* _EXERCISE GOAL_
When you copy the listing, reproduce each line as it appears and omit every image.

* _SUPPLIED INFORMATION_
=======

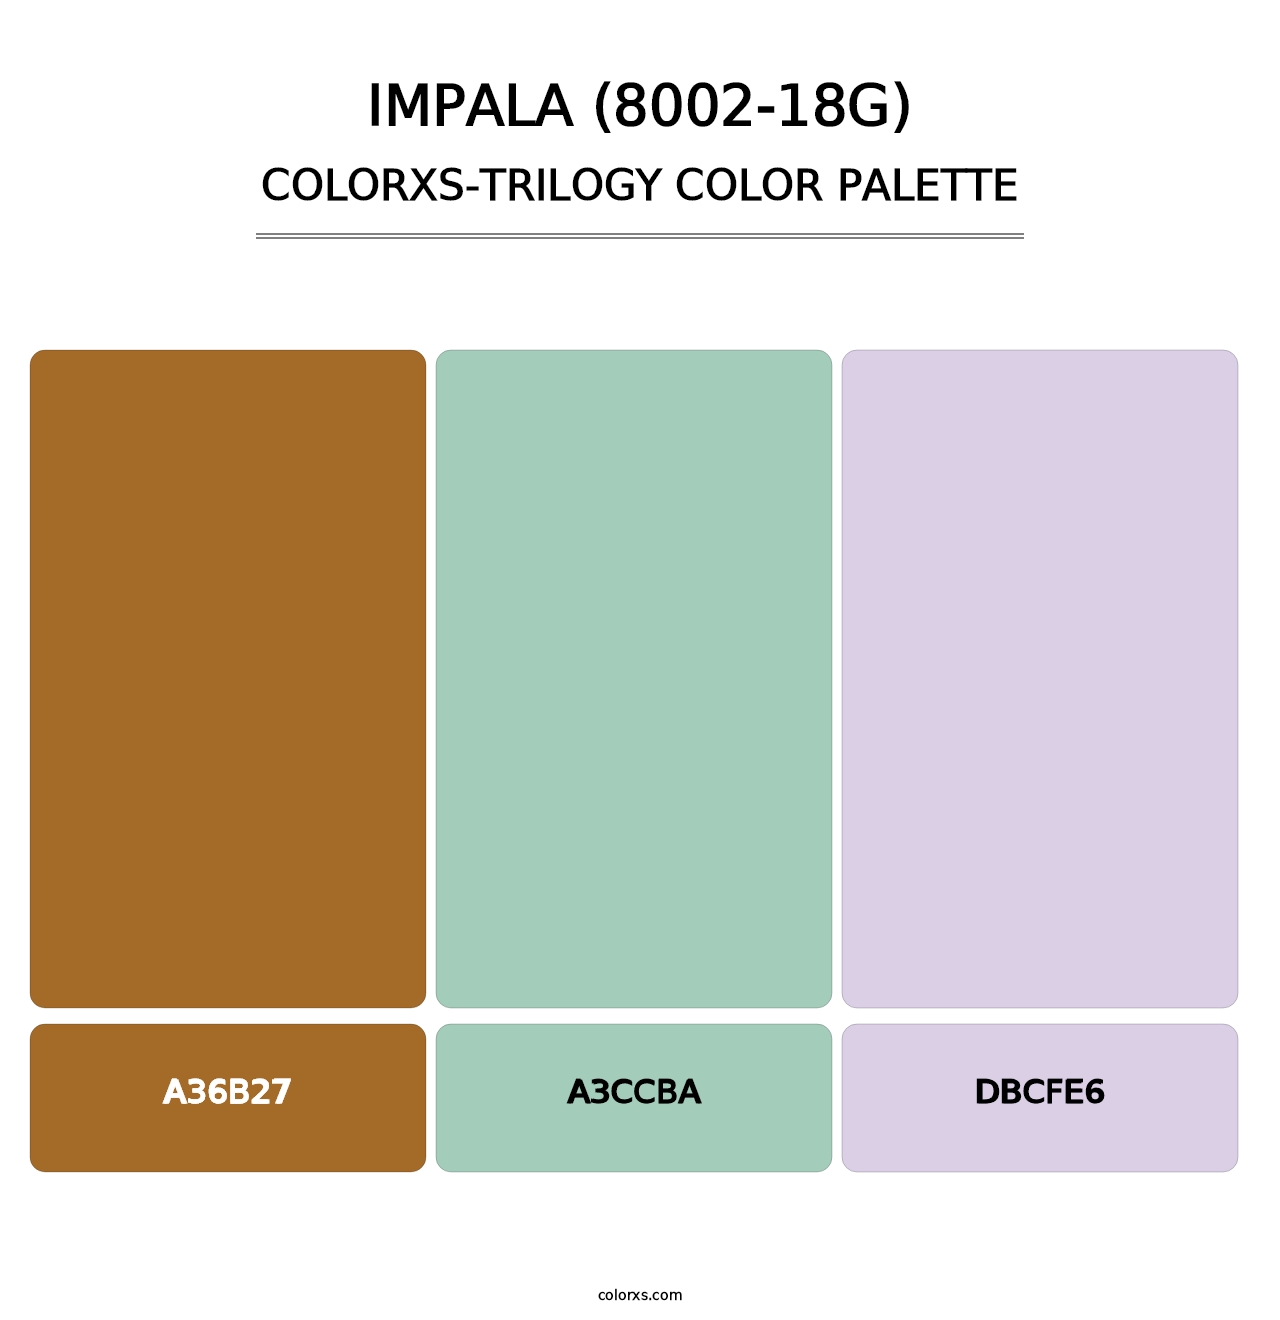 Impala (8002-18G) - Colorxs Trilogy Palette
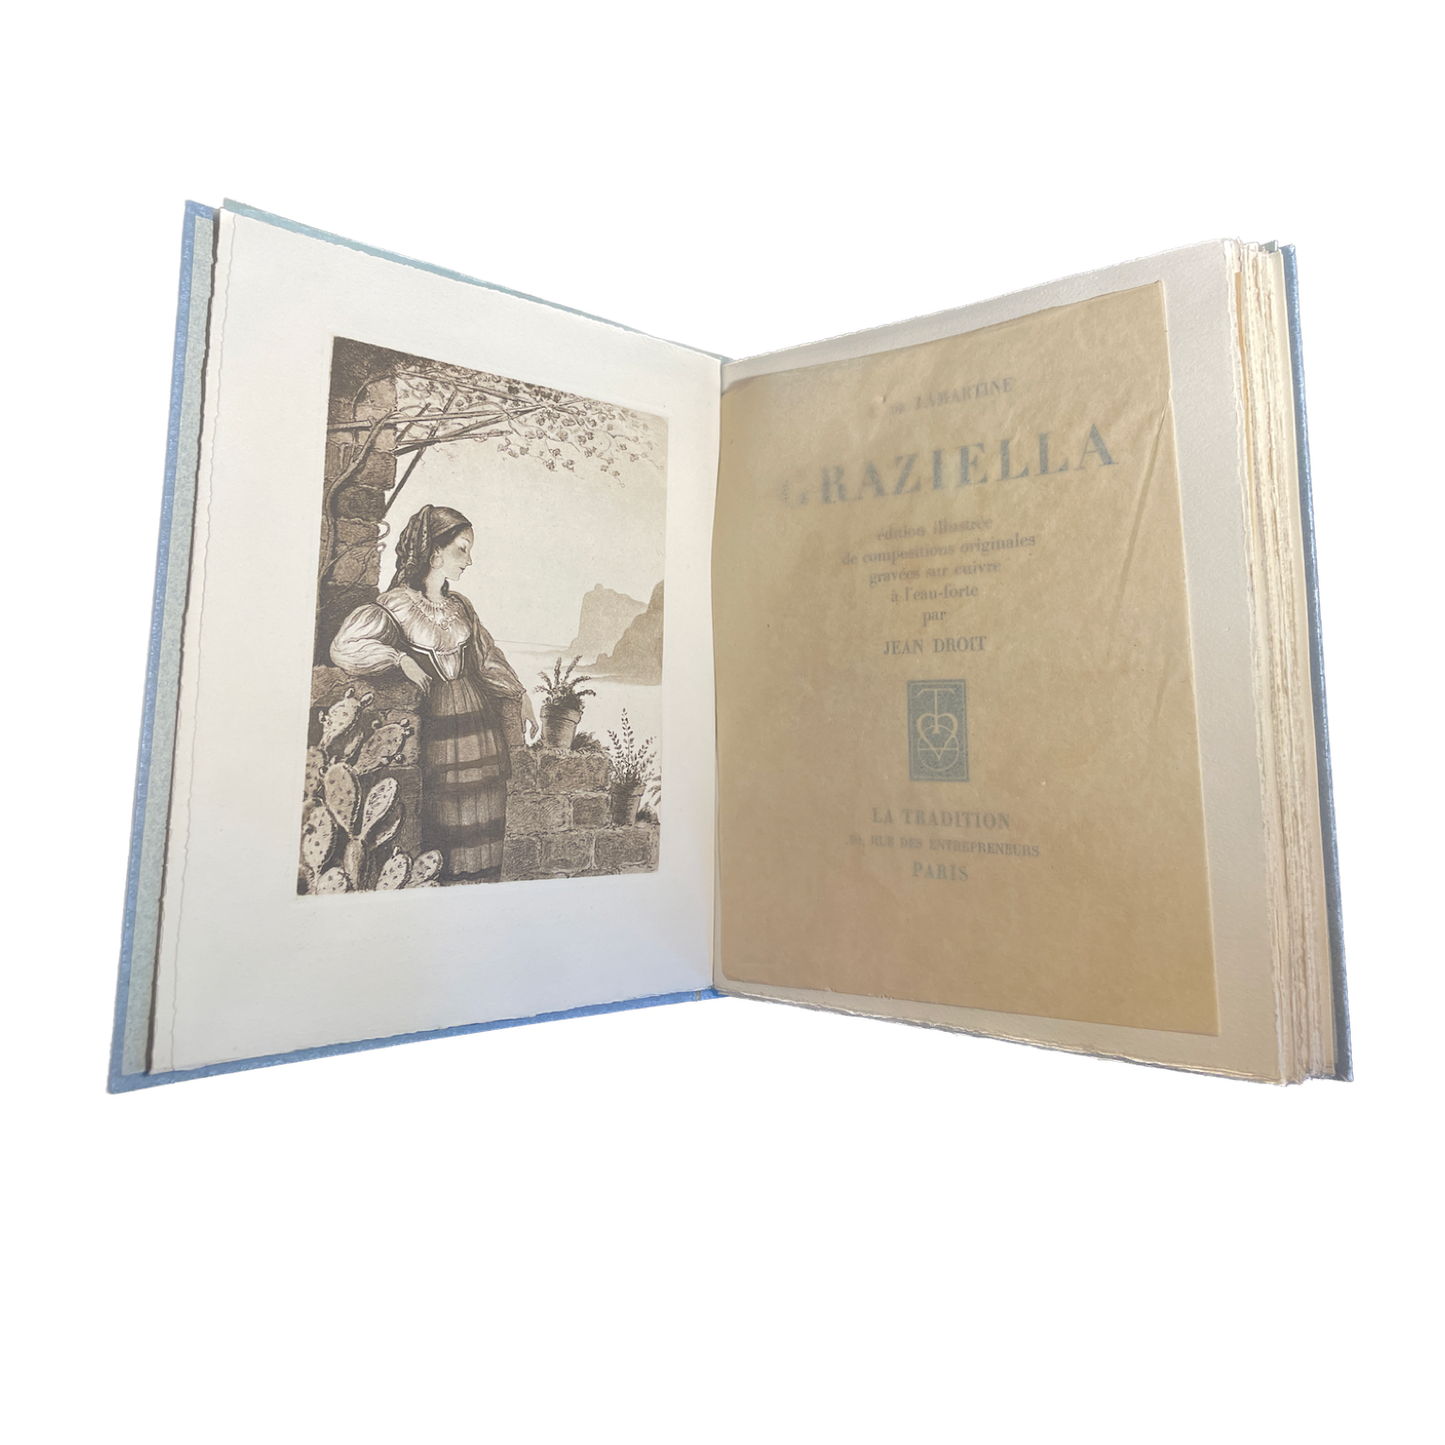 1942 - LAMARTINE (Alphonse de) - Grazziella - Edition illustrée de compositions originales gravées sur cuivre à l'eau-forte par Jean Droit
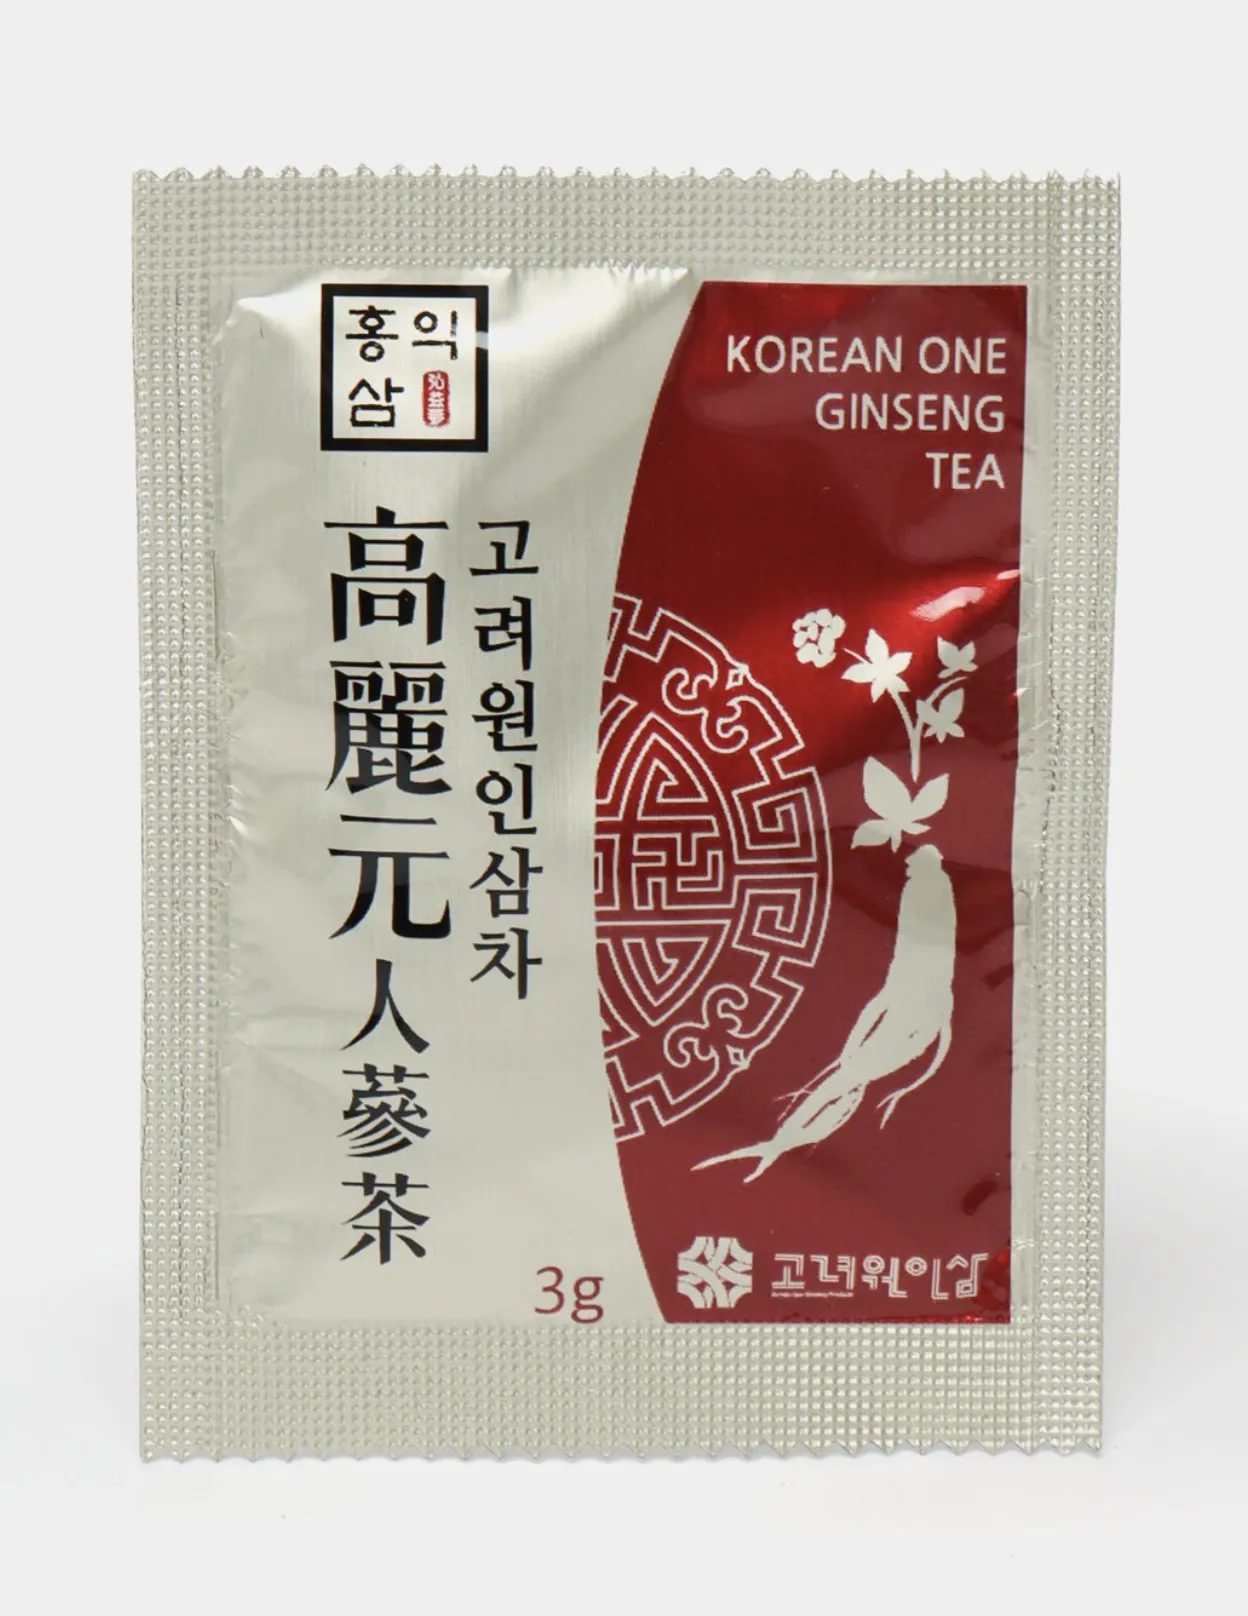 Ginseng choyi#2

=======

* _ANSWER FOR THE TASK_
 Impala (8002-18G) - Colorxs Trilogy Palette
 1942 - LAMARTINE (Alphonse de) - Grazziella - Edition illustrée de compositions originales gravées sur cuivre à l'eau-forte par Jean Droit
 Ginseng choyi#2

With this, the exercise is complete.